>>>
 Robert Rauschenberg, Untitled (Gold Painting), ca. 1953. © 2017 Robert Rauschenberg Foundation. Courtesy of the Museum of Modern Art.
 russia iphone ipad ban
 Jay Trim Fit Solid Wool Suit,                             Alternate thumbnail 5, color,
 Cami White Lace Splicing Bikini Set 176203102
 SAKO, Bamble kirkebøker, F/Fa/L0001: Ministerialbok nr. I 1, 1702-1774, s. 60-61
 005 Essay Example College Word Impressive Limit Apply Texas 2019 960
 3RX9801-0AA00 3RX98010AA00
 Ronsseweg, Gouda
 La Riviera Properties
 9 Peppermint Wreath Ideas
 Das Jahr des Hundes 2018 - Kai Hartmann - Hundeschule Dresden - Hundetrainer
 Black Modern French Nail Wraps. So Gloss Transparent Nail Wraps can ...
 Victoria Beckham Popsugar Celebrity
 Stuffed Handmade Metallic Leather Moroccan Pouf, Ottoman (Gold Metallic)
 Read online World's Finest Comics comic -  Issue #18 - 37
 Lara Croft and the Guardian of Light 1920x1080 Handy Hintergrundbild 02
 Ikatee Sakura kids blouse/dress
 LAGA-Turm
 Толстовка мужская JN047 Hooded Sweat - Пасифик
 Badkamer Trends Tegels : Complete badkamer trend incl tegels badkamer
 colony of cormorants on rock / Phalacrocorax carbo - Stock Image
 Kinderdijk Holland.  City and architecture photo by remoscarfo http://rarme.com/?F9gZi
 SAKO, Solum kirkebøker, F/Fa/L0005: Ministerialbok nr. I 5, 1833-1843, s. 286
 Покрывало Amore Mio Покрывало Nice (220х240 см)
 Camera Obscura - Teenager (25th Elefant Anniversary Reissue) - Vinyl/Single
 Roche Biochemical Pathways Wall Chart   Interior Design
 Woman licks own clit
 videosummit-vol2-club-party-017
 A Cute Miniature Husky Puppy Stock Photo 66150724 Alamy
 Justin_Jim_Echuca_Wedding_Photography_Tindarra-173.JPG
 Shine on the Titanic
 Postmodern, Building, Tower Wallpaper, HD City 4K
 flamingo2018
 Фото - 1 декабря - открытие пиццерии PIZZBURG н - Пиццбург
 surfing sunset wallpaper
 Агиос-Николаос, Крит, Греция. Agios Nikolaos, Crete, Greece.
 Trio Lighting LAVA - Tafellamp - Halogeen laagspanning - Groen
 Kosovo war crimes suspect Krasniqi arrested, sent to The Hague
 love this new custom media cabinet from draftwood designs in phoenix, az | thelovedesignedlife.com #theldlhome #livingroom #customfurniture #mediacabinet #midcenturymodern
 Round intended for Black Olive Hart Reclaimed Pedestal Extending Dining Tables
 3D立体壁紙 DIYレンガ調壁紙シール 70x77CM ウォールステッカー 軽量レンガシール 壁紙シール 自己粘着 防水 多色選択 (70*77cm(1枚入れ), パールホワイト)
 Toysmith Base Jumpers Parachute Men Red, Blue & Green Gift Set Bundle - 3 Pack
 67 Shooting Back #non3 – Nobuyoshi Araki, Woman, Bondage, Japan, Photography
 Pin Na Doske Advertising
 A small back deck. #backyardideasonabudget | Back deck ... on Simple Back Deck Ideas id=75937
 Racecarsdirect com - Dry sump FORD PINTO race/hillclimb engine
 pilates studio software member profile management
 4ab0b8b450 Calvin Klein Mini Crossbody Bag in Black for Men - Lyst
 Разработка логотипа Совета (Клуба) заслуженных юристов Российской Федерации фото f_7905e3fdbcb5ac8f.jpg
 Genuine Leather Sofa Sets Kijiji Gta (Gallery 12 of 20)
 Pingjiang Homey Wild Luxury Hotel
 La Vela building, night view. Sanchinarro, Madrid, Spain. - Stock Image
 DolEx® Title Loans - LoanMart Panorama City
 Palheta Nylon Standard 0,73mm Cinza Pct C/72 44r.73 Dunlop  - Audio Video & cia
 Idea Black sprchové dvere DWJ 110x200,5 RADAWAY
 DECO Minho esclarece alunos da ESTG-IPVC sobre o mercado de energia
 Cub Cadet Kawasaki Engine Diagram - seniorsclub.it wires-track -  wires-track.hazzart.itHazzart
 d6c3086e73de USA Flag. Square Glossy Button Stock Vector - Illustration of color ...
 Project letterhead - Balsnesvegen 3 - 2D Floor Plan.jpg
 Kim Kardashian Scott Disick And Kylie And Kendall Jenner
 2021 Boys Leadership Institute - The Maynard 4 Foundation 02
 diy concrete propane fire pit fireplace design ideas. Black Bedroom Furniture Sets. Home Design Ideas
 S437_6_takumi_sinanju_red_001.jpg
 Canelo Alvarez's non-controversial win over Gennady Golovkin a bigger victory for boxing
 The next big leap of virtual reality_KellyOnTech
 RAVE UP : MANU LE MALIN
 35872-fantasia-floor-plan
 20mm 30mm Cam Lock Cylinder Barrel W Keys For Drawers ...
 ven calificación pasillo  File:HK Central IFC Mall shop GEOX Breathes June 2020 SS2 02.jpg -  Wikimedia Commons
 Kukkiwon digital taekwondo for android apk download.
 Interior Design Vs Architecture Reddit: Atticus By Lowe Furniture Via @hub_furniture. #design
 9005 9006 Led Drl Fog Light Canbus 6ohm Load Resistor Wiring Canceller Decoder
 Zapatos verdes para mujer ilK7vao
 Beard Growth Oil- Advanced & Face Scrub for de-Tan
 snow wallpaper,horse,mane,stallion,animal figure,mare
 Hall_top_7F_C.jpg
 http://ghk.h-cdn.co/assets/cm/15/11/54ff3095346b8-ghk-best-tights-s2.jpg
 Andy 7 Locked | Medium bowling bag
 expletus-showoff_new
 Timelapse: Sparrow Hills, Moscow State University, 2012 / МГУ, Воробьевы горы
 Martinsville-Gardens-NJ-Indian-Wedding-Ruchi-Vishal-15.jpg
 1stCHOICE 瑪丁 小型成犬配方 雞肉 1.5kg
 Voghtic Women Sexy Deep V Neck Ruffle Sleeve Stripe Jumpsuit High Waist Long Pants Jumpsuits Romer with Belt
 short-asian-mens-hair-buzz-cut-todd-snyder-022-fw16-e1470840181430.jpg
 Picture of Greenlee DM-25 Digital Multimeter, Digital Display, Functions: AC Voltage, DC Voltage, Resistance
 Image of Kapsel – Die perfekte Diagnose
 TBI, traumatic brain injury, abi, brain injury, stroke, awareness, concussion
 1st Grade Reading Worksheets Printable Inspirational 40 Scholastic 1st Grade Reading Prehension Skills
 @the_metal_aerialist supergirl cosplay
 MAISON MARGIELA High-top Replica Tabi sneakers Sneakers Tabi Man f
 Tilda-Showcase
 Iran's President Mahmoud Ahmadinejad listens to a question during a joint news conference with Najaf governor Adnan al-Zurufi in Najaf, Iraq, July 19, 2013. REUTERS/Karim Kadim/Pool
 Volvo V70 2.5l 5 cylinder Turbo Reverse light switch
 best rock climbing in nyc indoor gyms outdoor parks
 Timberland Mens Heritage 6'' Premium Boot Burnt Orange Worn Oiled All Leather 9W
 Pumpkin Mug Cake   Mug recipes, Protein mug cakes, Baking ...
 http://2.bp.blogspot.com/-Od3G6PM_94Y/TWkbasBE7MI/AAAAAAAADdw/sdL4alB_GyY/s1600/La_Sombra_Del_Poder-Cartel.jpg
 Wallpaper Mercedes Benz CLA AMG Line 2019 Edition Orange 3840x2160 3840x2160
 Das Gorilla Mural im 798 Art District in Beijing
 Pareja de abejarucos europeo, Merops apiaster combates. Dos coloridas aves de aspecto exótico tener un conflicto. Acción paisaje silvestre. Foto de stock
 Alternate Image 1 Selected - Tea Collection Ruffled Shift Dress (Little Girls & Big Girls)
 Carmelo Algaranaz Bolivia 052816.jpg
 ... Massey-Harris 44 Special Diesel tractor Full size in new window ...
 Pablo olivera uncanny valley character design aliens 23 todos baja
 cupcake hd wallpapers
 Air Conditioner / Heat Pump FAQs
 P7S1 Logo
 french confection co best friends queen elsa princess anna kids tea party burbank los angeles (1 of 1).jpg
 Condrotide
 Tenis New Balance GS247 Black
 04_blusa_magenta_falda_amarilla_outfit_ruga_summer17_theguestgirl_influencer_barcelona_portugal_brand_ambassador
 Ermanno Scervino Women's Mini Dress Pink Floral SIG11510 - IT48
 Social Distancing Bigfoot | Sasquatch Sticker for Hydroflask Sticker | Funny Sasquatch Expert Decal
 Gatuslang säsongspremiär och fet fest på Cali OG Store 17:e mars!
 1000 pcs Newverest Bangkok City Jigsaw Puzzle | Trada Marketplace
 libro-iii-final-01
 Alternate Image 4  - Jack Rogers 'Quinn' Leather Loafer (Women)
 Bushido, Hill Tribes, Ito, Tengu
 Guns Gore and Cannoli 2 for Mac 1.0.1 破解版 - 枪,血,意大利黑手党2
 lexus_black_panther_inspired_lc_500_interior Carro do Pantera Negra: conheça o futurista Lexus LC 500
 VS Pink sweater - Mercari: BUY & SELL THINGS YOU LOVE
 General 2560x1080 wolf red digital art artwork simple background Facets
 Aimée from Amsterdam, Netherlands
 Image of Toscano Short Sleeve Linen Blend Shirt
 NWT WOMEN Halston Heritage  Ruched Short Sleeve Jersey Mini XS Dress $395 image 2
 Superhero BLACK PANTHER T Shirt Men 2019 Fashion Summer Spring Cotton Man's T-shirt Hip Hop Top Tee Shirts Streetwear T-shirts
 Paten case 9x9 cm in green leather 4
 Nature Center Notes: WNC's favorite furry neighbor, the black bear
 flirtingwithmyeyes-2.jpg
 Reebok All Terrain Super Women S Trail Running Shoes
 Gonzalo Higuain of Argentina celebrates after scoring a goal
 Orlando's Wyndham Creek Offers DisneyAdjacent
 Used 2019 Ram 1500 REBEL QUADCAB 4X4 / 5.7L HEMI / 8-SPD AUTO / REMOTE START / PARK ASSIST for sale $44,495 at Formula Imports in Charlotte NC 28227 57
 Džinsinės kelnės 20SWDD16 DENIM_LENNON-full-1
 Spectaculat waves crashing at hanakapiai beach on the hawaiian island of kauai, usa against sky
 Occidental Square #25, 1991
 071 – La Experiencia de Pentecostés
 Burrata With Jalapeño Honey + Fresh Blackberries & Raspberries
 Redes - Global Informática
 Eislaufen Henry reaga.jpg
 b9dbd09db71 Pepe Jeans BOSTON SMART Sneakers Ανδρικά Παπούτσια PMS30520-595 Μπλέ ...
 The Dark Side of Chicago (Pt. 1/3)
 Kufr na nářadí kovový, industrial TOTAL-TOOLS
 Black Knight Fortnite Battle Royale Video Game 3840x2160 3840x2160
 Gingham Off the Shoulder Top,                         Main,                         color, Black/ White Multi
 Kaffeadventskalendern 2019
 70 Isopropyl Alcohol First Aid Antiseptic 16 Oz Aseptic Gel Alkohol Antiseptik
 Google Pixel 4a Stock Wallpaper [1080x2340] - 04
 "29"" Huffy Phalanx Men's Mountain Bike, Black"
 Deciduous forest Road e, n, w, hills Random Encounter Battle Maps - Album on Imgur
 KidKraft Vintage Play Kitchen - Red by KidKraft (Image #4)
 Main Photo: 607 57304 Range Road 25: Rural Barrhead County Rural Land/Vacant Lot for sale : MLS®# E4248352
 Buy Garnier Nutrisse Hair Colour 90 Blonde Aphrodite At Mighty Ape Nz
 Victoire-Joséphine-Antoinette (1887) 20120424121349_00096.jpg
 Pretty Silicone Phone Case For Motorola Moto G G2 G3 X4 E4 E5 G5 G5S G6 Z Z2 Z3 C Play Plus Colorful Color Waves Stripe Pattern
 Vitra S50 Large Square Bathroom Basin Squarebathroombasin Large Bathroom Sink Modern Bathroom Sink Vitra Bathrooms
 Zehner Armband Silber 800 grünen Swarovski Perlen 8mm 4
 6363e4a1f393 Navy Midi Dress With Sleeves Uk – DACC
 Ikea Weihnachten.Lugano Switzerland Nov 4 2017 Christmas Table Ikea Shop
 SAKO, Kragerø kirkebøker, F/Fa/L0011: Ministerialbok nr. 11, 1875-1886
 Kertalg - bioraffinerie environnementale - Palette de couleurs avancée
<<<
_TASK TO CARRY OUT_:
Please give back the records exactly as written, beginning at the first line and including the line that holds "9 Peppermint Wreath Ideas" as the last.

_RESULT OF THE EXERCISE_:
 Robert Rauschenberg, Untitled (Gold Painting), ca. 1953. © 2017 Robert Rauschenberg Foundation. Courtesy of the Museum of Modern Art.
 russia iphone ipad ban
 Jay Trim Fit Solid Wool Suit,                             Alternate thumbnail 5, color,
 Cami White Lace Splicing Bikini Set 176203102
 SAKO, Bamble kirkebøker, F/Fa/L0001: Ministerialbok nr. I 1, 1702-1774, s. 60-61
 005 Essay Example College Word Impressive Limit Apply Texas 2019 960
 3RX9801-0AA00 3RX98010AA00
 Ronsseweg, Gouda
 La Riviera Properties
 9 Peppermint Wreath Ideas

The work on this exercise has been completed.